Letter XLIII: To the Printer of the Public Advertiser; 6 February 1771

[180] SIR

I hope your correspondent, Junius, is better employed than in answering or reading the criticisms of a newspaper. This is a task, from which, if he were inclined to submit to it, his friends ought to relieve him. Upon this principle, I shall undertake to answer Anti-Junius, more, I believe, to his conviction, than to his satisfaction. Not daring to attack the main body of Junius's last letter, he triumphs in having, as he thinks, surprised an out-post, and cut off a detached argument, a mere straggling proposition. But even in this petty warfare he shall find himself defeated.

Junius does not speak of the Spanish nation as the natural enemies of England; he applies that description, with the strictest truth and justice, to the Spanish court. From the moment when a prince of the house of Bourbon ascended that throne, their whole system of government was inverted, and became hostile to this country. Unity of possession introduced a unity of politics; and Louis the Fourteenth had reason, when he said to his grandson, "The Pyrenees are removed." The history of the present century is one continued confirmation of the prophecy.

The assertion, "That violence and oppression at home can only be supported by treachery and submission abroad," is applied to a free people, whose rights are invaded, not to the government of a country, where despotic or absolute power is confessedly vested in the prince; and, with this application, the assertion is true. An absolute monarch, having no points to carry at home, will naturally maintain the honour of his crown in all his transactions with foreign powers. But, if we could suppose the sovereign of a free nation possessed with a design to make himself absolute, he would be inconsistent with himself, if he suffered his projects to be interrupted or embarrassed by a foreign war, unless that war tended, as in some cases it might, to promote his principal design. Of the three [181] exceptions to this general rule of conduct, (quoted by Anti-Junius,) that of Oliver Cromwell is the only one in point. Harry the Eighth, by the submission of his parliament, was as absolute a prince as Louis the Fourteenth. Queen Elizabeth's government was not oppressive to the people, and as to her foreign wars, it ought to be considered, that they were unavoidable. The national honour was not in question: she was compelled to fight in defence of her own person, and of her title to the crown. In the common cause of selfish policy, Oliver Cromwell should have cultivated the friendship of foreign powers, or, at least, have avoided disputes with them, the better to establish his tyranny at home. Had he been only a bad man, he would have sacrificed the honour of the nation to the success of his domestic policy. But, with all his crimes, he had the spirit of an Englishman. The conduct of such a man must always be an exception to vulgar rules. He had abilities sufficient to reconcile contradictions, and to make a great nation, at the same moment, unhappy and formidable. If it were not for the respect I bear the minister, I could name a man, who, without one grain of understanding, can do half as much as Oliver Cromwell.

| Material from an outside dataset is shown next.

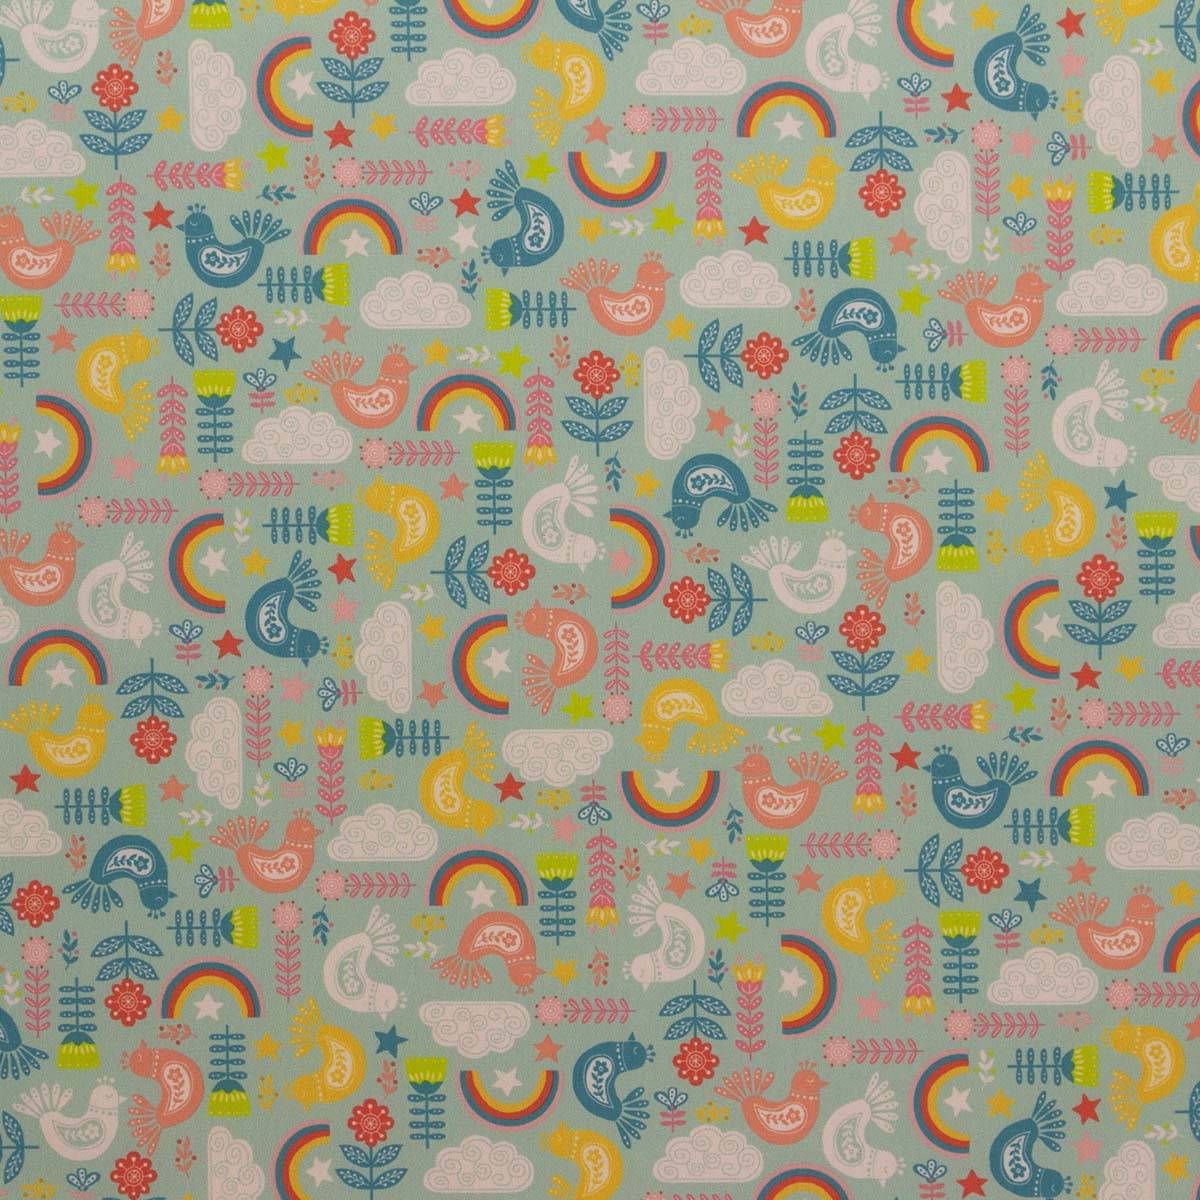 Tejido Softshell 3 capas  Arcoiris, Flores y Aves  Designed by Poppy  Celeste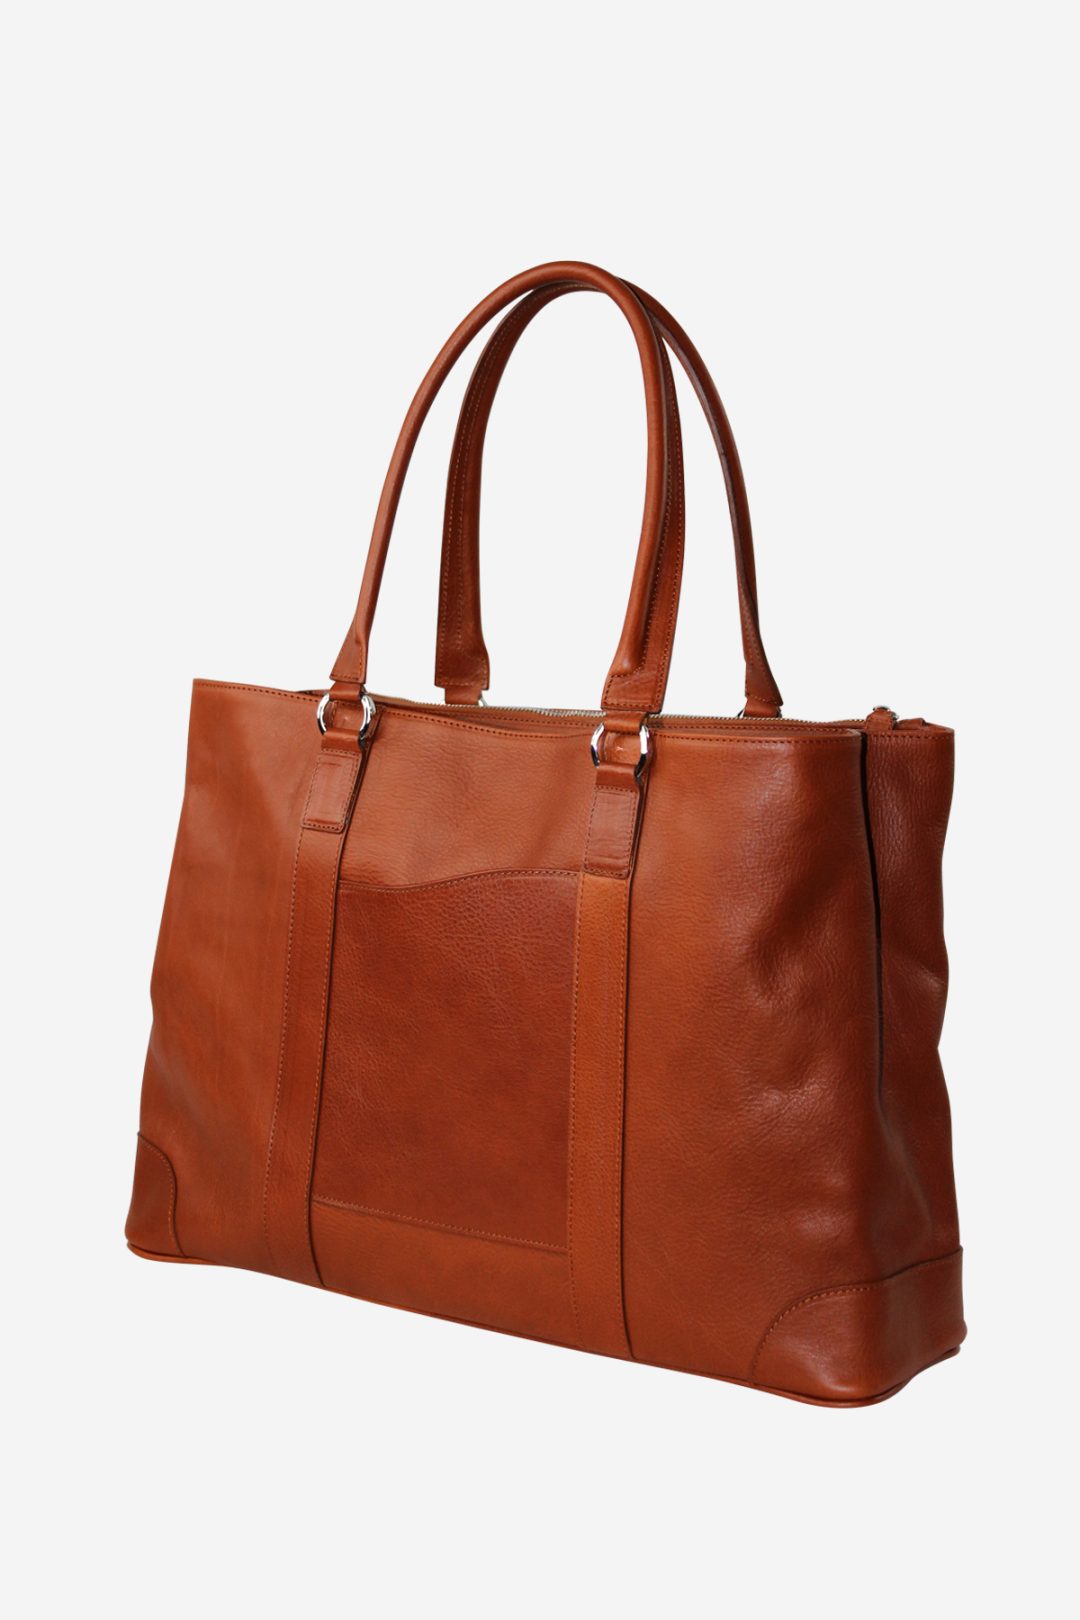 Luxury Leather Shoulder  Handbags  Mackenzie Leather Edinburgh

Whether or no there be a secret system in the closet, and what may be the object of it, are questions which can only be determined by appearances, and on which every man must decide for himself.

The whole plan of Junius's letter proves, that he himself makes no distinction between the real honour of the crown and the real interest of the people. In the climax to which your correspondent objects, Junius adopts the language of the court, and, by that conformity, gives strength to his argument. He says that "the king has not only sacrificed the interest of his people, but (what was likely to touch him more nearly) his personal reputation, and the dignity of his crown."

The queries put by Anti-Junius can only be answered by the ministry. Abandoned as they are, I fancy they will not confess, that they have, for so many years, maintained possession of another man's property. After admitting the assertion of the ministry, viz. "That the Spaniards had no rightful claim," and after justifying them for saying so, it is his business, not mine, to give us [182] some good reason for their "suffering the pretensions of Spain to be a subject of negotiation." He admits the facts; let him reconcile them if he can.

The last paragraph brings us back to the original question, Whether the Spanish declaration contains such a satisfaction as the king of Great Britain ough to have accepted? This was the field upon which he ought to have encountered Junius openly and fairly. But here he leaves the argument, as no longer defensible. I shall, therefore, conclude with one general admonition to my fellow subjects; that, when they hear these matters debated, they should not suffer themselves to be misled by general declamations upon the conveniences of peace, or the miseries of. war. Between peace and war abstractedly, there is not, there cannot, be a question, in the mind of a rational being. The real questions are, "Have we any security that the peace we have so dearly purchased will last a twelvemonth?" and if not, "Have we, or have we not, sacrificed the fairest opportunity of making war with advantage?"